■ THE TASK ■
Could the data below please be reproduced word for word, without the pictures?

=== DATA PROVIDED ===

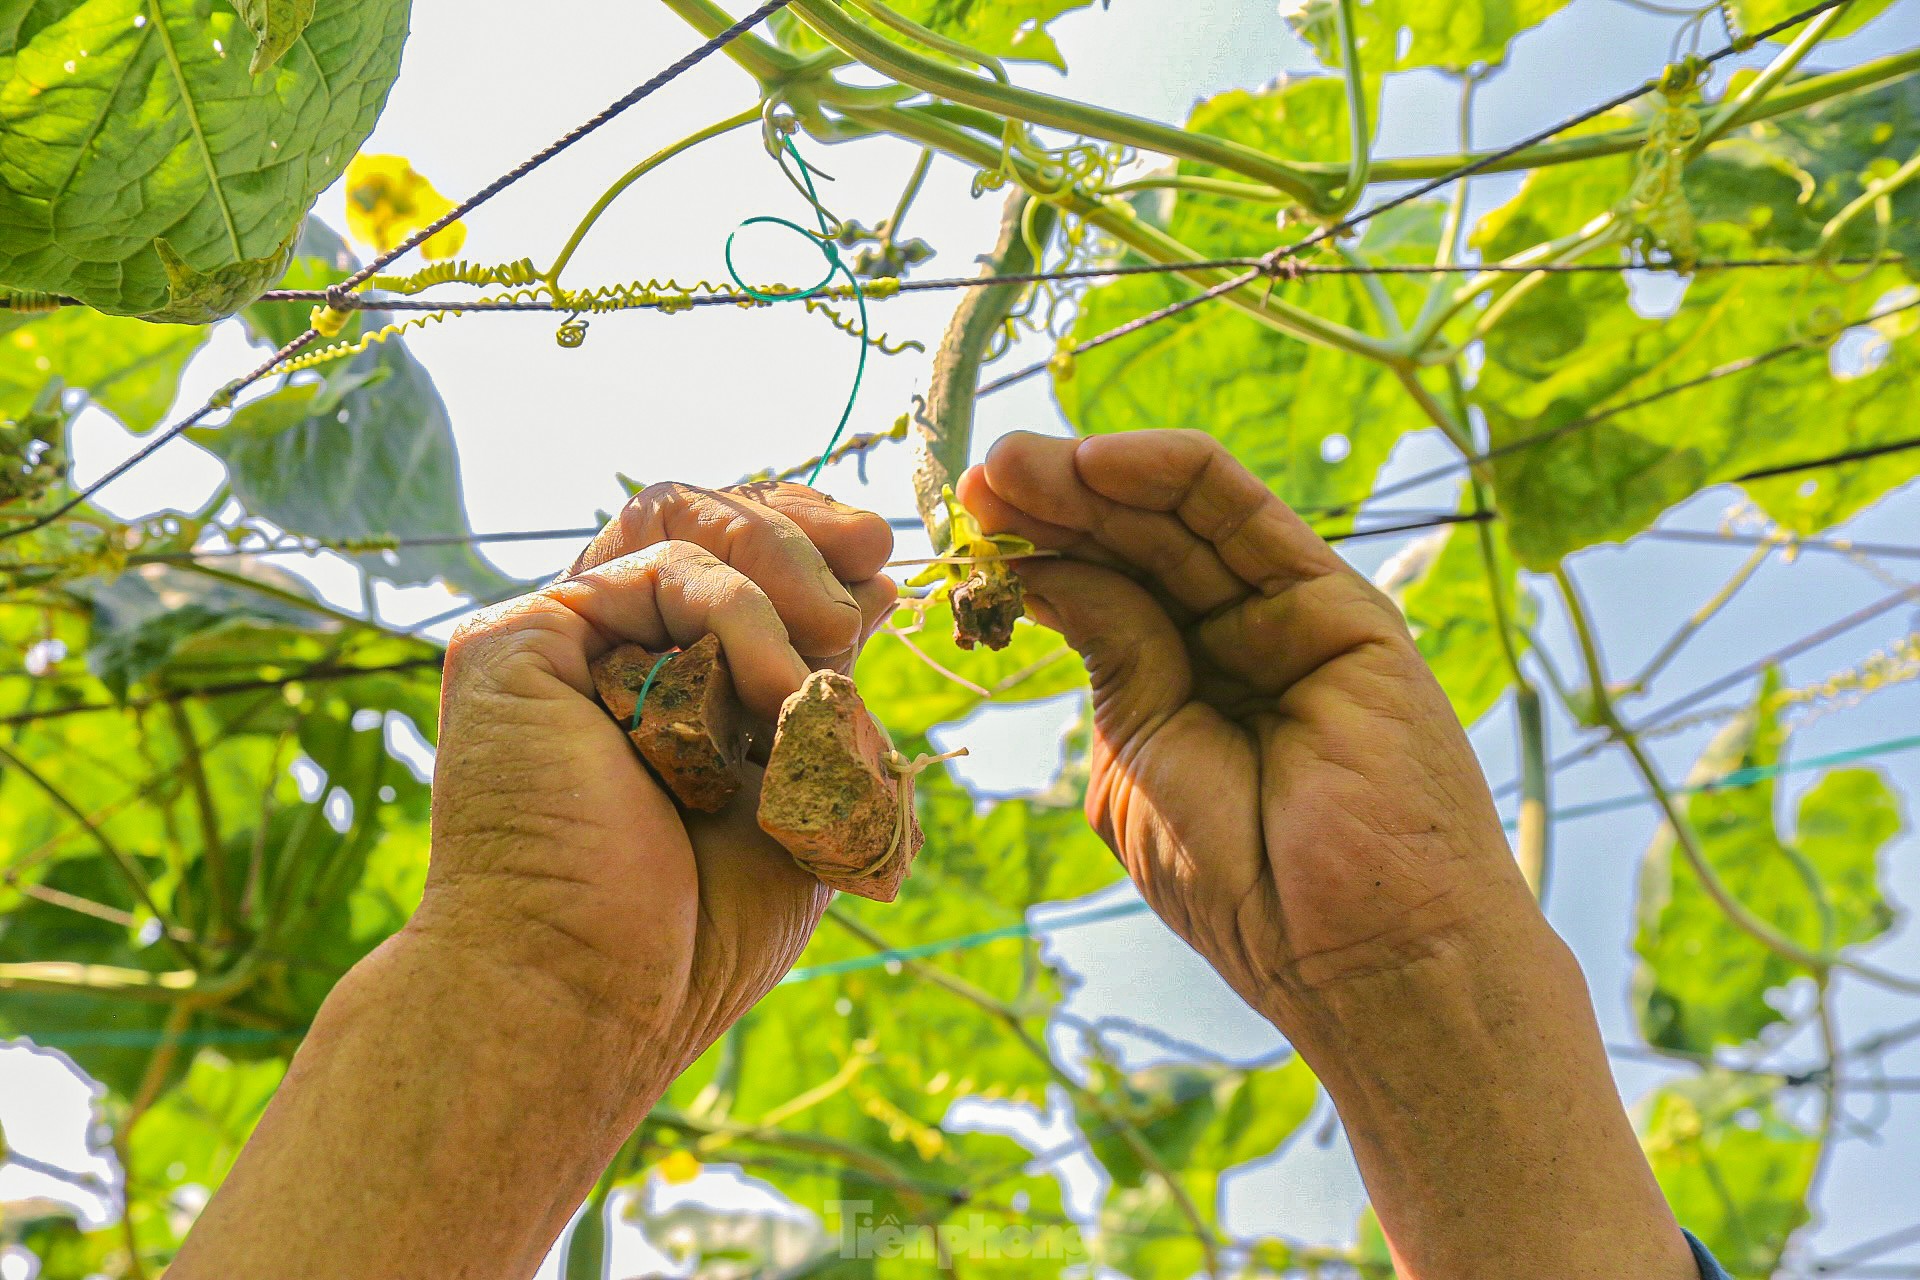 Nông dân ở làng rau này ở Đà Nẵng dùng "độc chiêu" giúp những vườn mướp của mình cho trái to, dài, thẳng tắp- Ảnh 6.
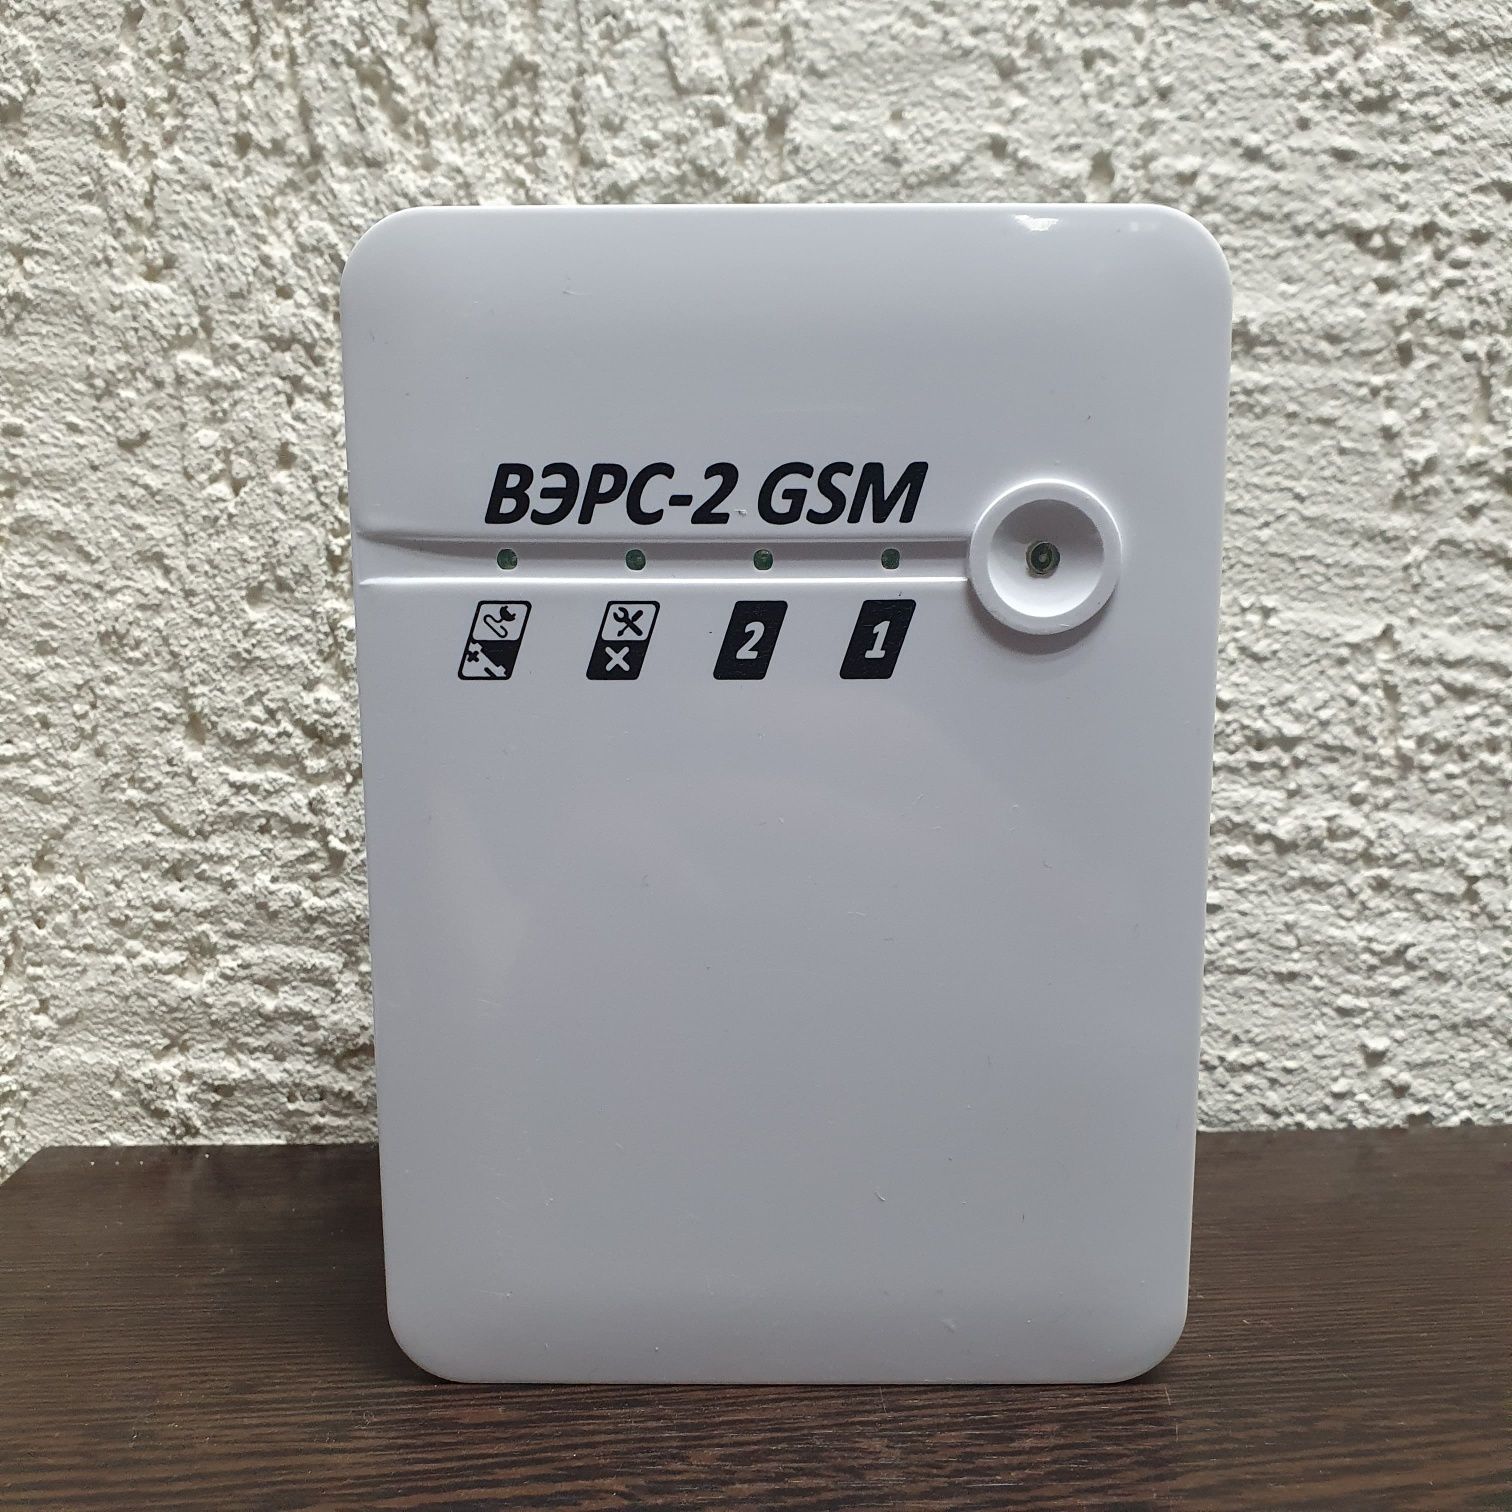 Охранно-пожарный прибор ВЭРС-2 GSM
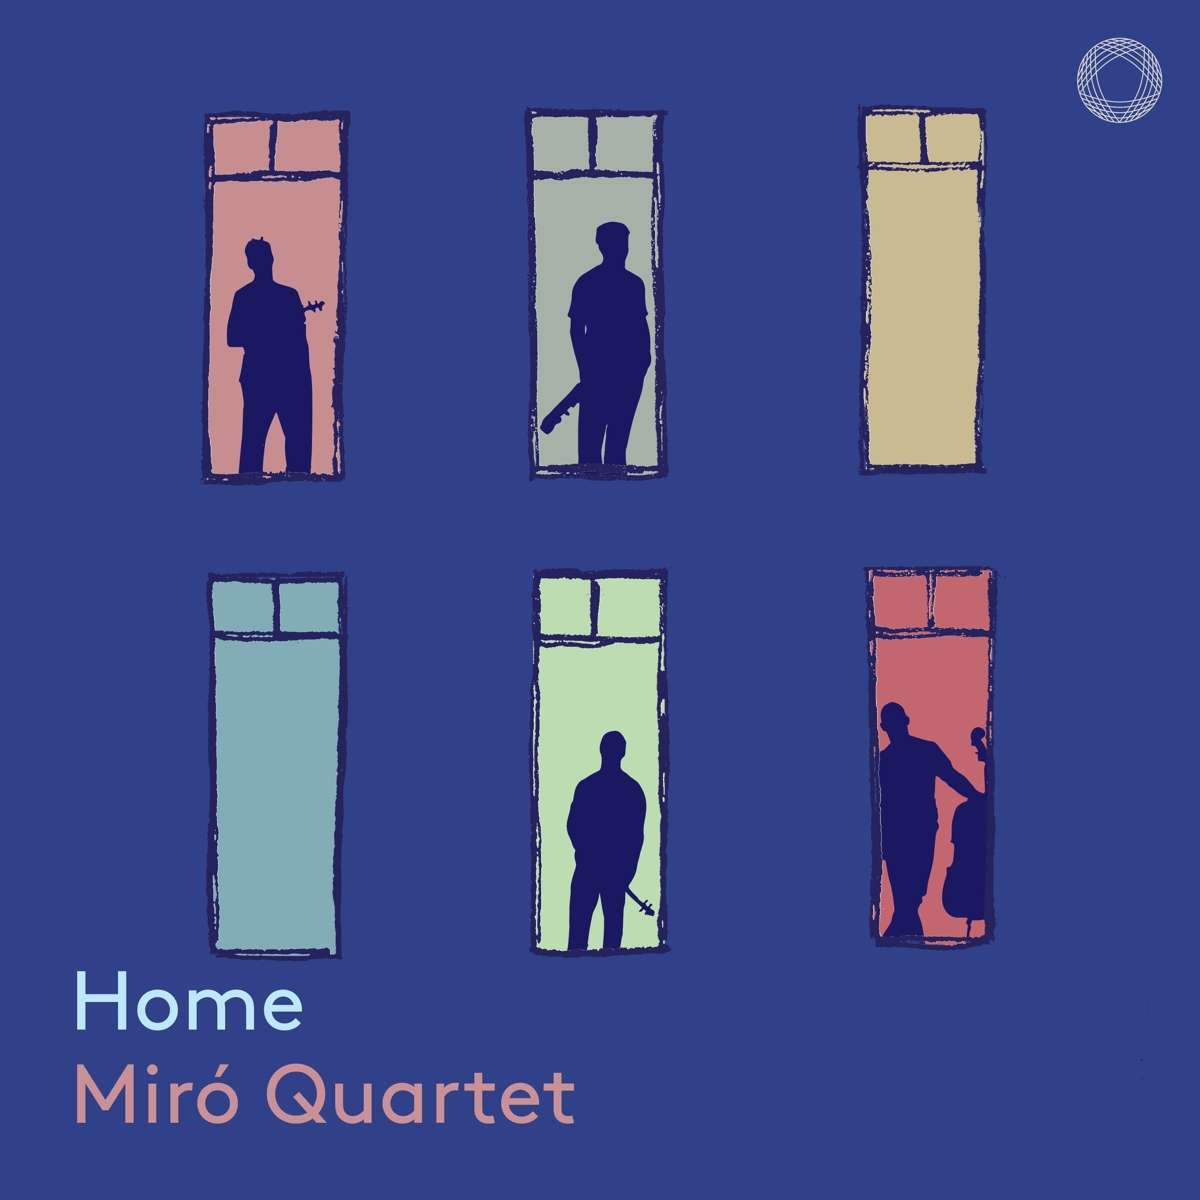 Home / Miró Quartet

===

■ TASK RESPONSE ■
 Nông dân ở làng rau này ở Đà Nẵng dùng "độc chiêu" giúp những vườn mướp của mình cho trái to, dài, thẳng tắp- Ảnh 6.
 Охранно-пожарный прибор ВЭРС-2 GSM
 Home / Miró Quartet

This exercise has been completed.